**Your goal:**
The line with "Angry Owl Art Redmi Note 6 Pro Back Cover" marks where to begin; print it and all lines after it in the material below exactly, skipping pictures.

**Information shown:**

◇ ◇ ◇

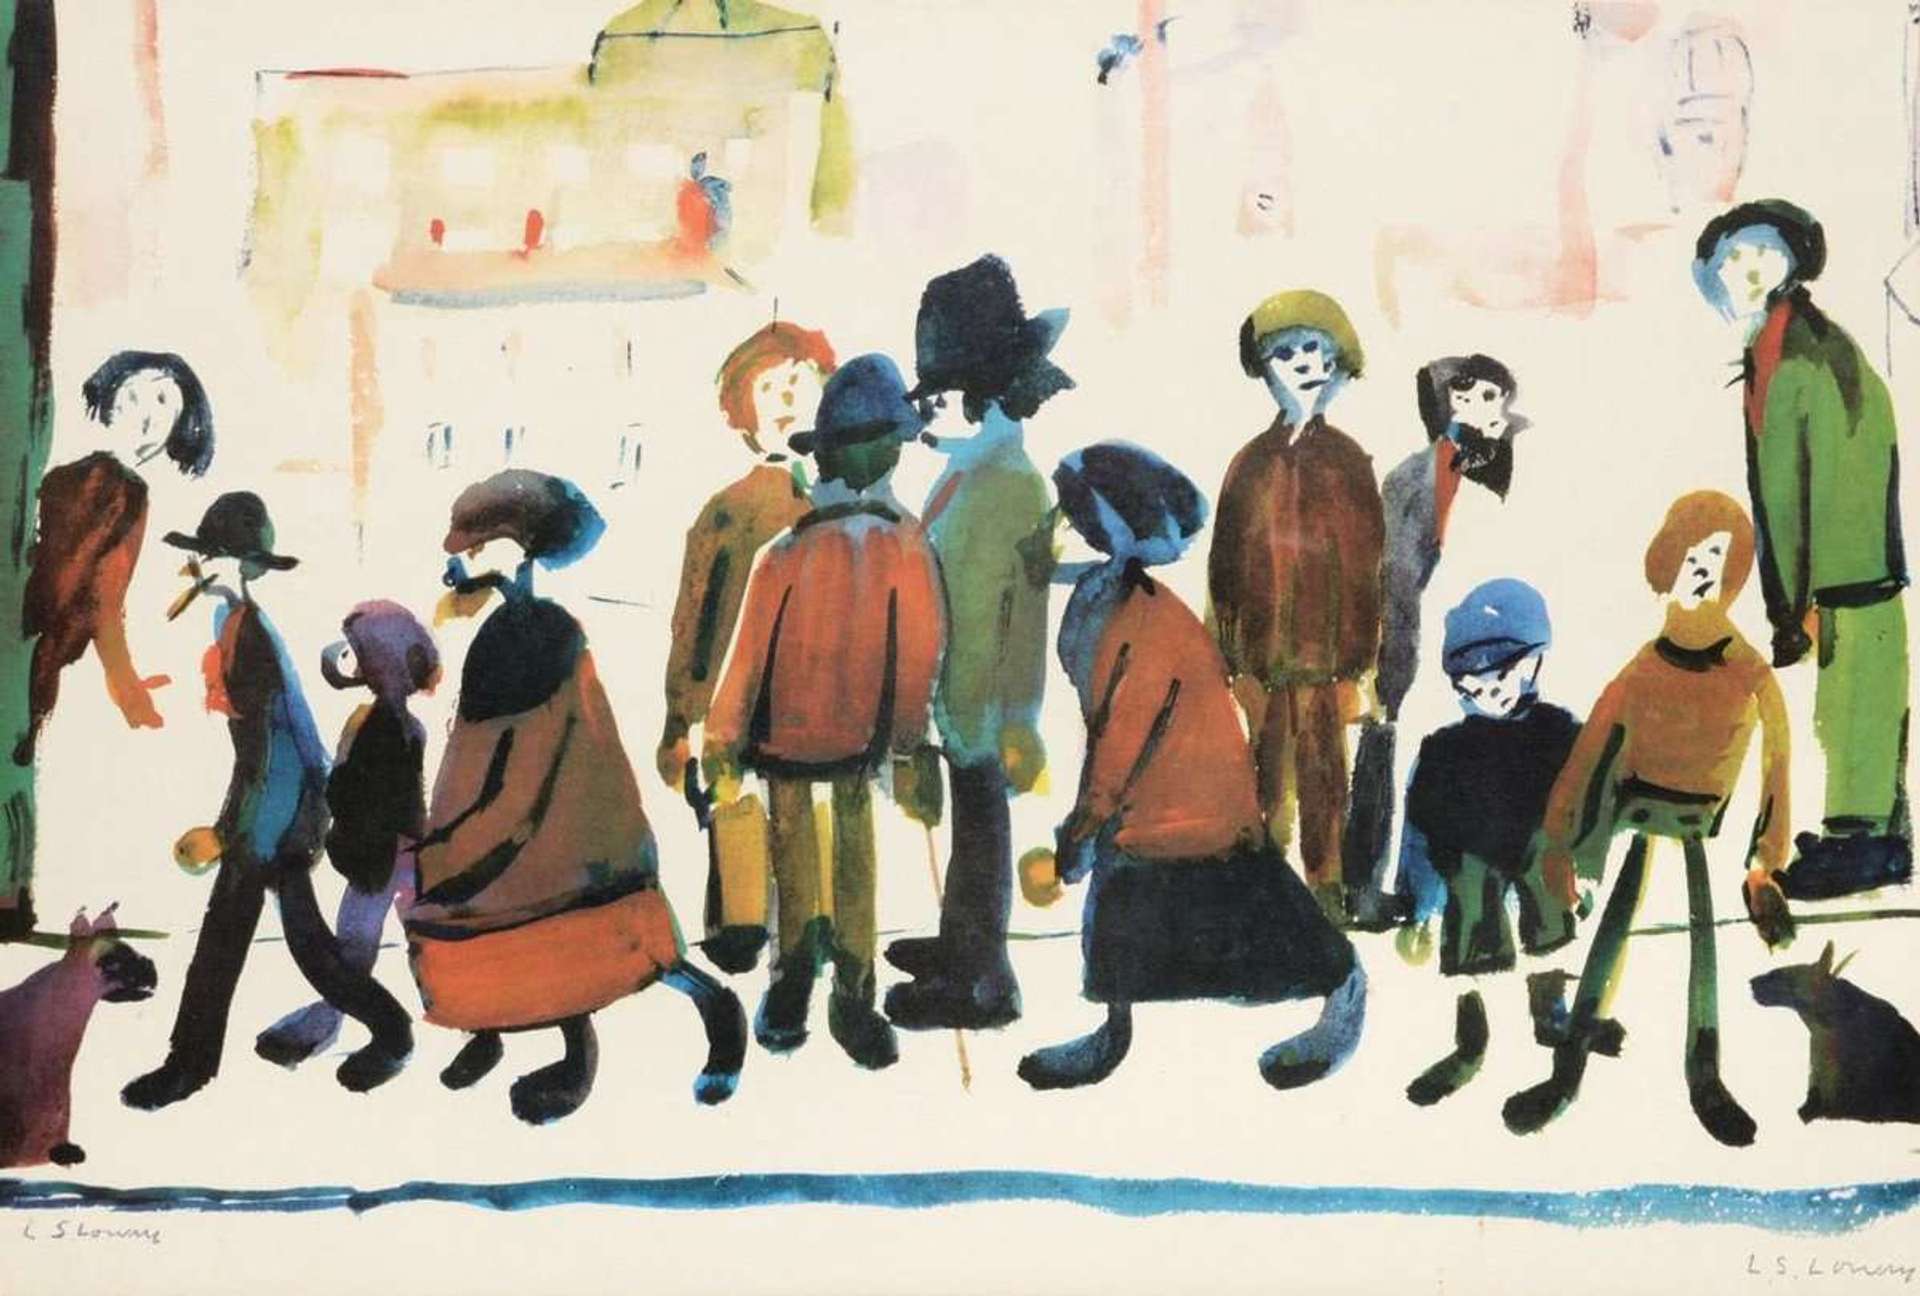 Beyond the Matchstick Men: The Nuances of L. S. Lowry's Artistic Style
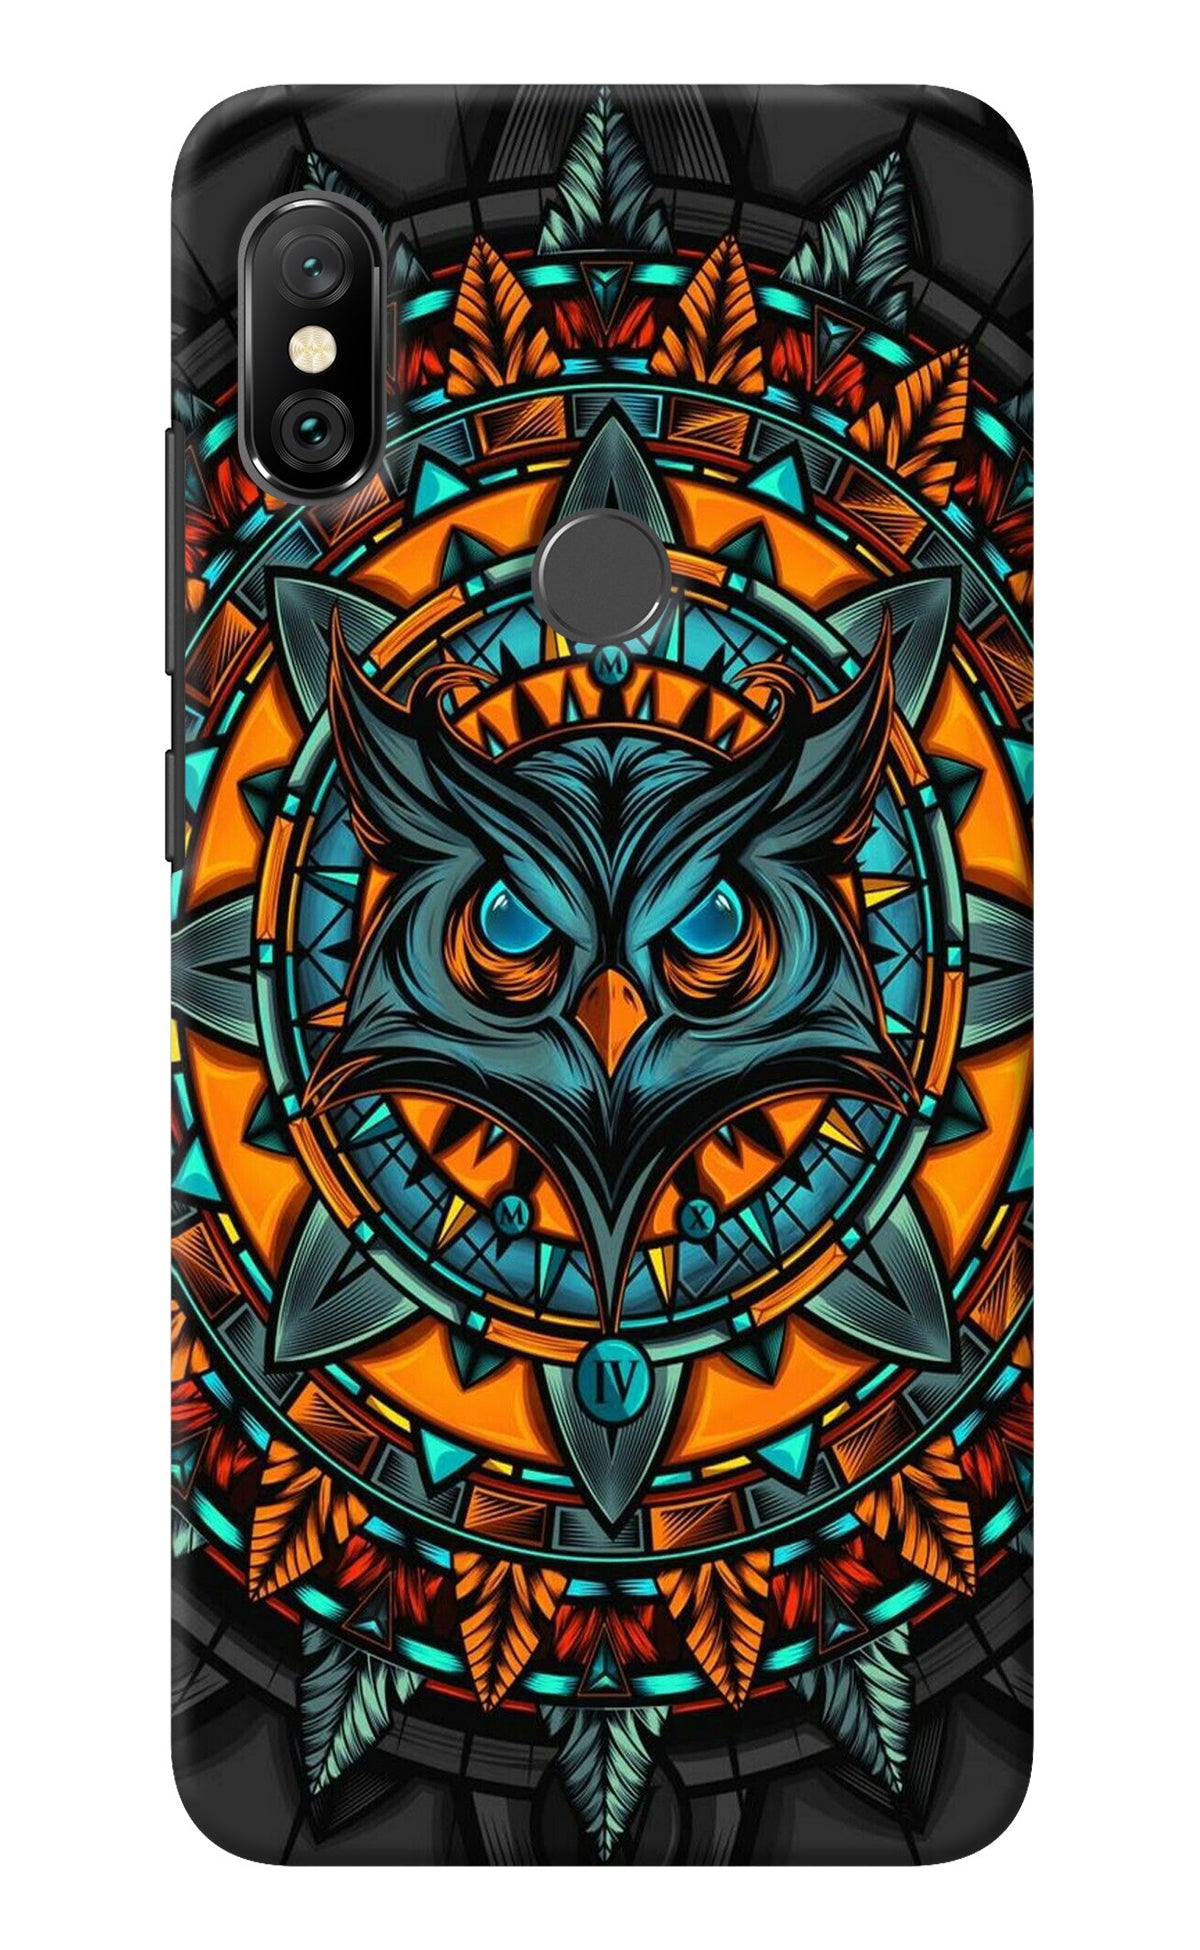 Angry Owl Art Redmi Note 6 Pro Back Cover
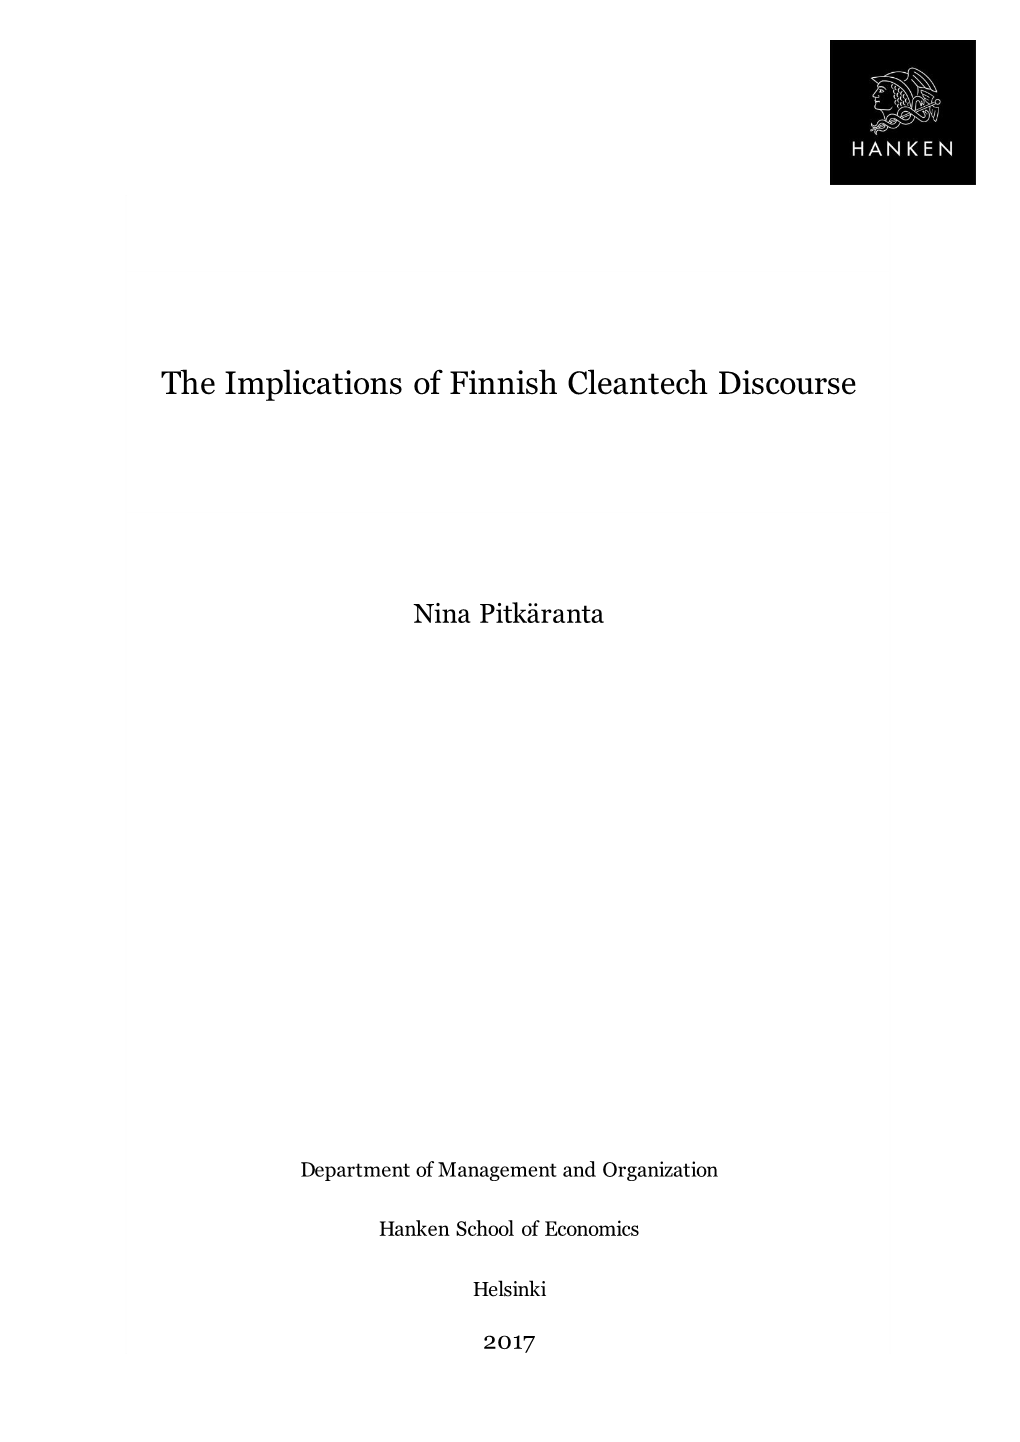 The Implications of Finnish Cleantech Discourse

◇ ◇ ◇

**Answer to this task:**
 Angry Owl Art Redmi Note 6 Pro Back Cover
 The Implications of Finnish Cleantech Discourse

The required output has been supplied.